I am 7-years old and my neighbor takes care of me while my mother works nights.

Mostly he watches TV, but never too loud because that would keep me awake.

We don’t talk much.

I hardly see him at all because my mother puts me to bed, and then he comes over.

One night though I hear him on the phone. I can’t  make out the words until he yells, “There’s no such thing as the northern lights.”

He hangs up and turns to see me behind him.

“Why aren’t you in bed?” he asks.

“I had a bad dream.”

“Do you want some milk?”

“No.”

“Do you want me to call your mom?”

“No.”

“Well, come watch TV until you get tired.”

I find a place on the couch among the unfolded blankets.

“Do you like Johnny Carson?” he asks. “You’ll like Johnny Carson. He’s funny.”

We watch, and when he laughs I laugh too, not knowing what anything means.
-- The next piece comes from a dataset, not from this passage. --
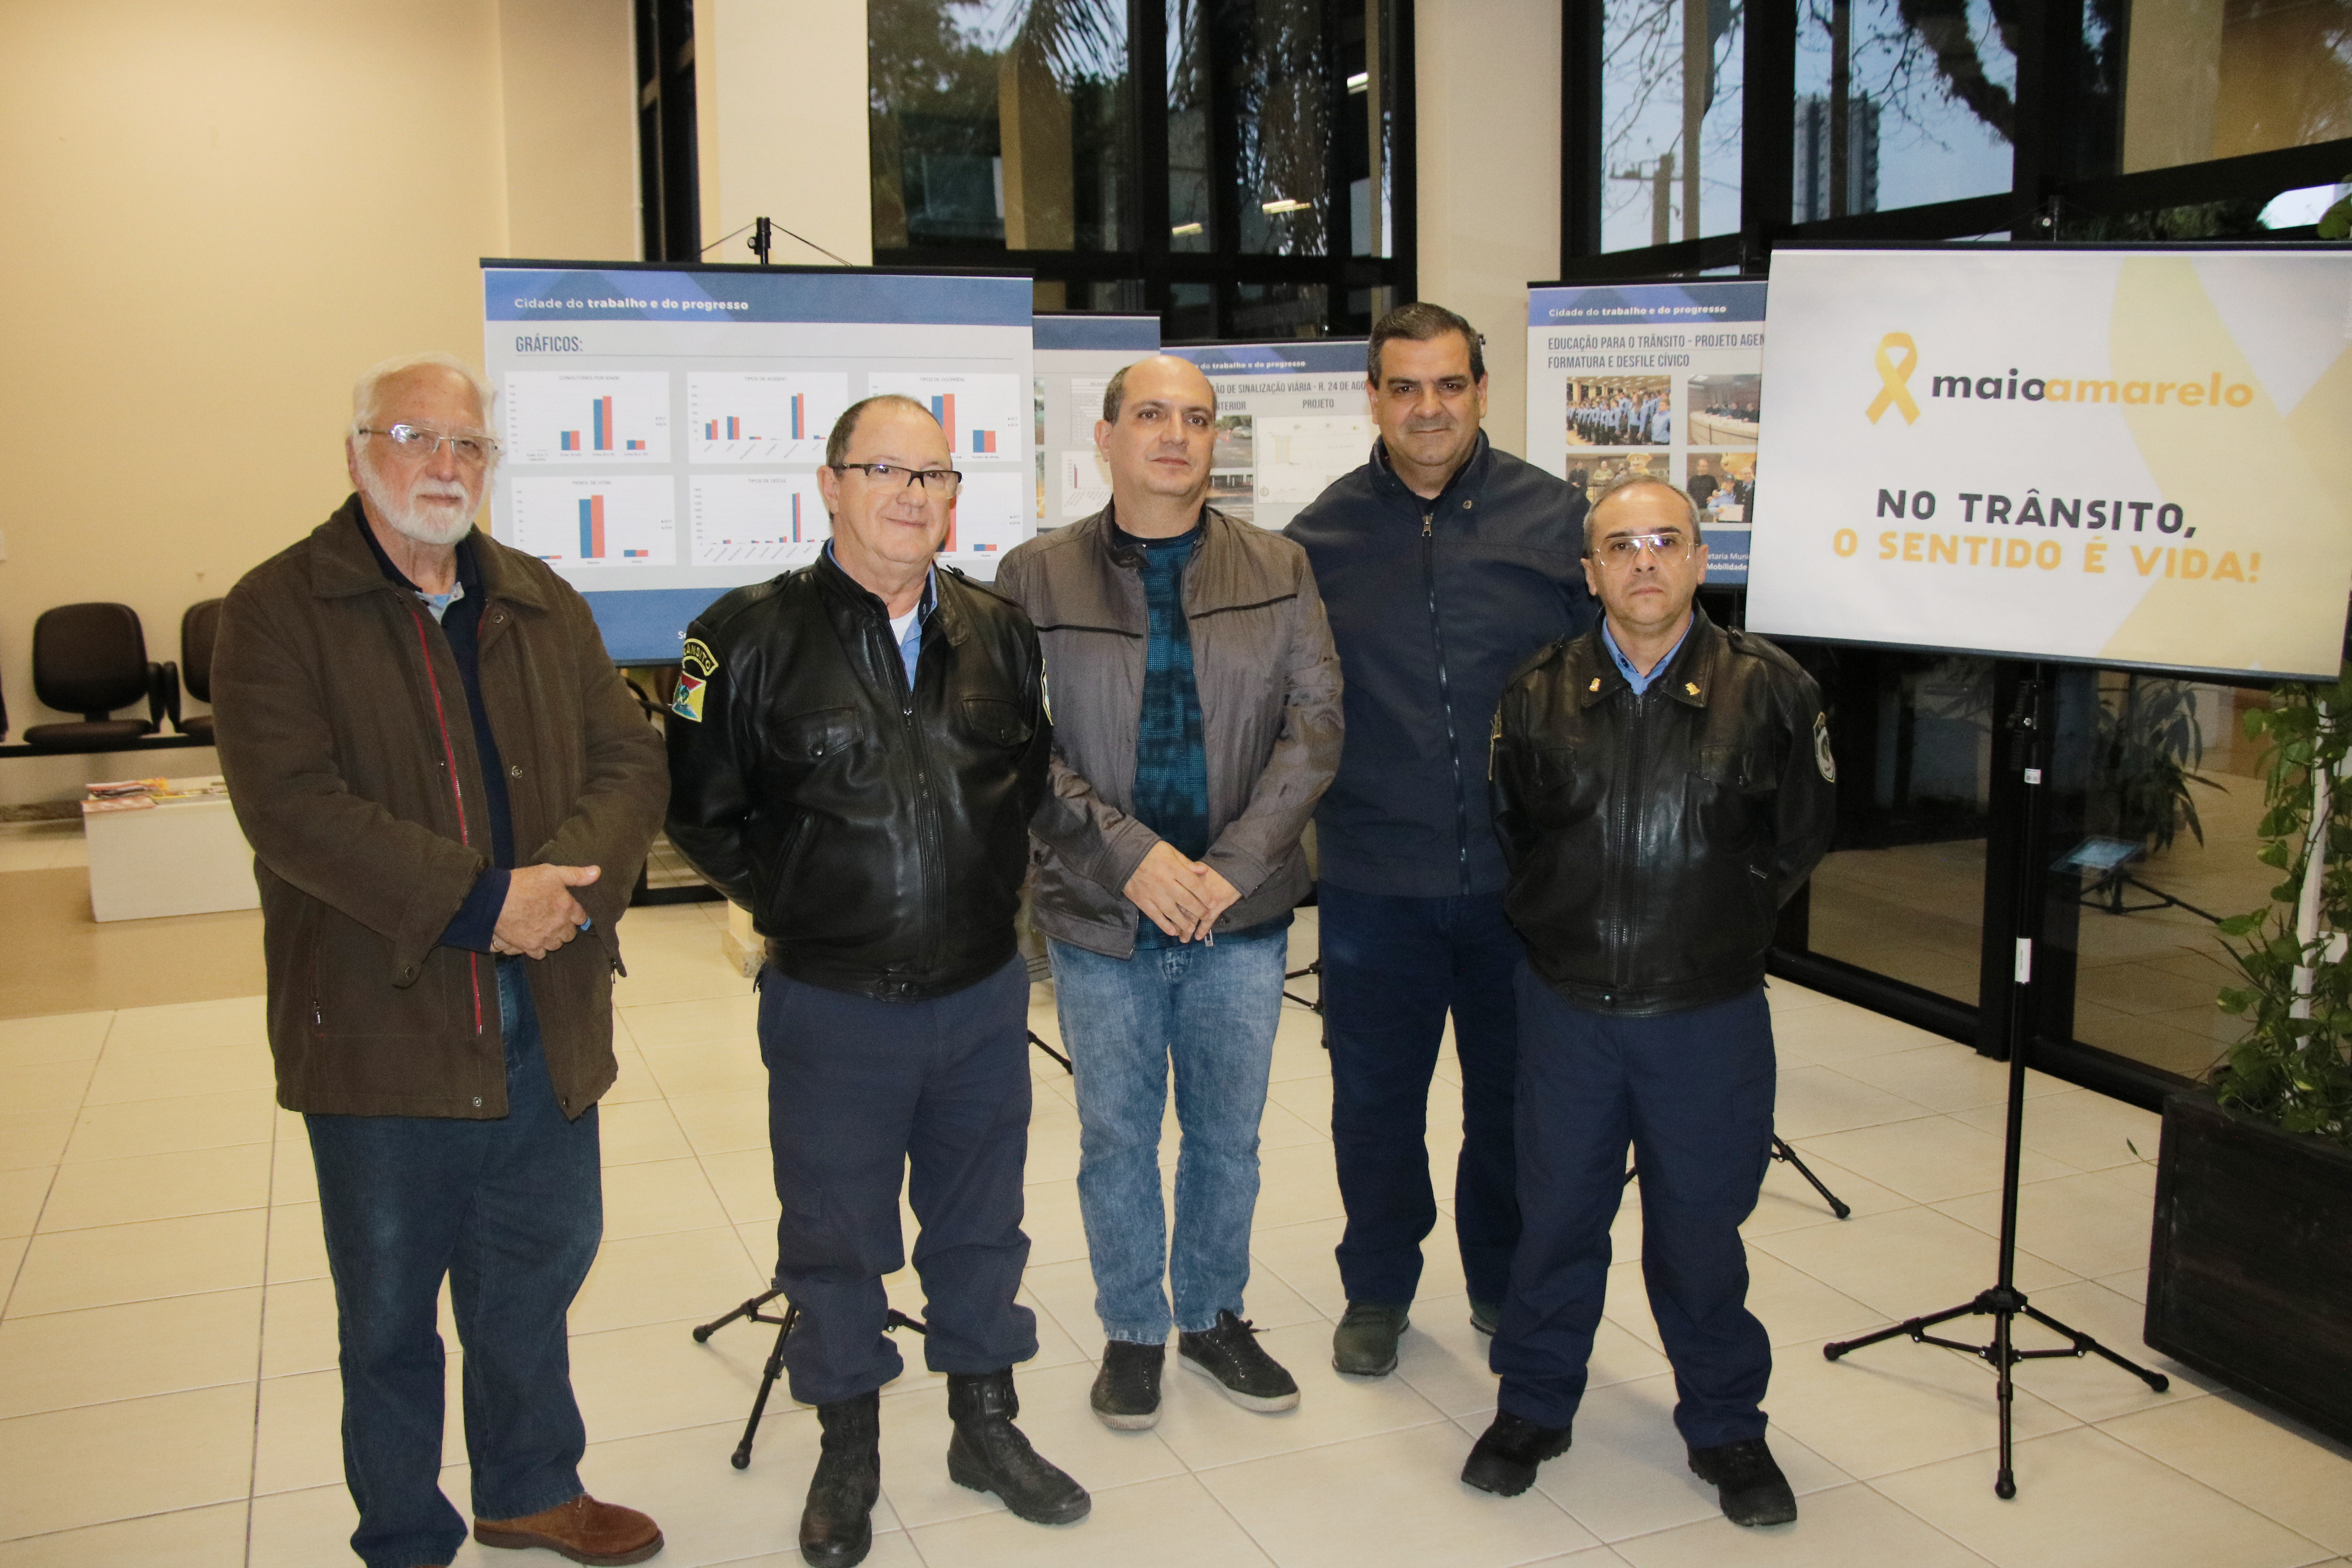 Maio Amarelo: Exposição traz informações sobre funcionamento do setor de Trânsito

Soon I am tired, and he tells me I should go back to bed.

He walks me to my room and stands at the door as I get under the covers.

When he sees that I’m settled, he goes back to his chair.

Finally, as I’m drifting off to sleep, I remember that I’ve seen the northern lights–once the summer before when my mom had the night off and we stayed up past my bedtime. I want to tell my neighbor, but I am tired and I don’t know what he’ll say if I tell him he is wrong.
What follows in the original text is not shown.